● Your task
What you return must match the material exactly, with every line present.

● Exercise materials
• • •

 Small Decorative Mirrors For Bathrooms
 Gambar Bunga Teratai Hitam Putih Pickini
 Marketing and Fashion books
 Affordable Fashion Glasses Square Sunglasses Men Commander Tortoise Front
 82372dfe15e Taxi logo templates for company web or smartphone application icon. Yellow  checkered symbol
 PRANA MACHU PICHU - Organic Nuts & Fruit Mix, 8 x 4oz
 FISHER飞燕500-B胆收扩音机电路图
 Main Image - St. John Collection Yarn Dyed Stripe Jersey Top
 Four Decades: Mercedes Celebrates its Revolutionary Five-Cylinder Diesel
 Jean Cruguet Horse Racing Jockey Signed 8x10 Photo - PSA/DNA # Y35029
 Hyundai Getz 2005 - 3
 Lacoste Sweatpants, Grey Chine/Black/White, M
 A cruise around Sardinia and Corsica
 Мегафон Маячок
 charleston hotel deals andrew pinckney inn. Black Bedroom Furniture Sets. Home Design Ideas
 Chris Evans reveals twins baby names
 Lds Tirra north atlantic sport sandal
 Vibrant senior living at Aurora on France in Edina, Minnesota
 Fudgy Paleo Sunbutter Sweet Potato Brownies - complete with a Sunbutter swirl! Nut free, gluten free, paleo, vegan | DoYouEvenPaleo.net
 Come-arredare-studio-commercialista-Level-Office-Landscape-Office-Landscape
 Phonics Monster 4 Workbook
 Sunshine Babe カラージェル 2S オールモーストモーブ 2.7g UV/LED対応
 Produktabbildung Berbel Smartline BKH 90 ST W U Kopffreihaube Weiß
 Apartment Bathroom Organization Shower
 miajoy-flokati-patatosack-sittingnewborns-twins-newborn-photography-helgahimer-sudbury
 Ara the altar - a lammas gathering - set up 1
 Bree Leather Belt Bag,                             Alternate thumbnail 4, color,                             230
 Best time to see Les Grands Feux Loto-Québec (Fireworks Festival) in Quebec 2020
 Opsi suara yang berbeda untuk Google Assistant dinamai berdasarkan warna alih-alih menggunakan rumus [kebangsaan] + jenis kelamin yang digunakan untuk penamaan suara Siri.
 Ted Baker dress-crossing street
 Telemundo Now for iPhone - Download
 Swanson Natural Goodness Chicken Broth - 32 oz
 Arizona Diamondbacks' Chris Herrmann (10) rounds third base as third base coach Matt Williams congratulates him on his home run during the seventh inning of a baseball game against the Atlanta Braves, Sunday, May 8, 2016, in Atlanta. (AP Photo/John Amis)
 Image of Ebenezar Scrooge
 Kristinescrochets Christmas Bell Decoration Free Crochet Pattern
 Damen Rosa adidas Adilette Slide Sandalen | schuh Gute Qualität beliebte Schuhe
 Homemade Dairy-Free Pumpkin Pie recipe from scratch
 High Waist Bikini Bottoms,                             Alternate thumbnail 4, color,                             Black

• • •

● Written solution
 Small Decorative Mirrors For Bathrooms
 Gambar Bunga Teratai Hitam Putih Pickini
 Marketing and Fashion books
 Affordable Fashion Glasses Square Sunglasses Men Commander Tortoise Front
 82372dfe15e Taxi logo templates for company web or smartphone application icon. Yellow  checkered symbol
 PRANA MACHU PICHU - Organic Nuts & Fruit Mix, 8 x 4oz
 FISHER飞燕500-B胆收扩音机电路图
 Main Image - St. John Collection Yarn Dyed Stripe Jersey Top
 Four Decades: Mercedes Celebrates its Revolutionary Five-Cylinder Diesel
 Jean Cruguet Horse Racing Jockey Signed 8x10 Photo - PSA/DNA # Y35029
 Hyundai Getz 2005 - 3
 Lacoste Sweatpants, Grey Chine/Black/White, M
 A cruise around Sardinia and Corsica
 Мегафон Маячок
 charleston hotel deals andrew pinckney inn. Black Bedroom Furniture Sets. Home Design Ideas
 Chris Evans reveals twins baby names
 Lds Tirra north atlantic sport sandal
 Vibrant senior living at Aurora on France in Edina, Minnesota
 Fudgy Paleo Sunbutter Sweet Potato Brownies - complete with a Sunbutter swirl! Nut free, gluten free, paleo, vegan | DoYouEvenPaleo.net
 Come-arredare-studio-commercialista-Level-Office-Landscape-Office-Landscape
 Phonics Monster 4 Workbook
 Sunshine Babe カラージェル 2S オールモーストモーブ 2.7g UV/LED対応
 Produktabbildung Berbel Smartline BKH 90 ST W U Kopffreihaube Weiß
 Apartment Bathroom Organization Shower
 miajoy-flokati-patatosack-sittingnewborns-twins-newborn-photography-helgahimer-sudbury
 Ara the altar - a lammas gathering - set up 1
 Bree Leather Belt Bag,                             Alternate thumbnail 4, color,                             230
 Best time to see Les Grands Feux Loto-Québec (Fireworks Festival) in Quebec 2020
 Opsi suara yang berbeda untuk Google Assistant dinamai berdasarkan warna alih-alih menggunakan rumus [kebangsaan] + jenis kelamin yang digunakan untuk penamaan suara Siri.
 Ted Baker dress-crossing street
 Telemundo Now for iPhone - Download
 Swanson Natural Goodness Chicken Broth - 32 oz
 Arizona Diamondbacks' Chris Herrmann (10) rounds third base as third base coach Matt Williams congratulates him on his home run during the seventh inning of a baseball game against the Atlanta Braves, Sunday, May 8, 2016, in Atlanta. (AP Photo/John Amis)
 Image of Ebenezar Scrooge
 Kristinescrochets Christmas Bell Decoration Free Crochet Pattern
 Damen Rosa adidas Adilette Slide Sandalen | schuh Gute Qualität beliebte Schuhe
 Homemade Dairy-Free Pumpkin Pie recipe from scratch
 High Waist Bikini Bottoms,                             Alternate thumbnail 4, color,                             Black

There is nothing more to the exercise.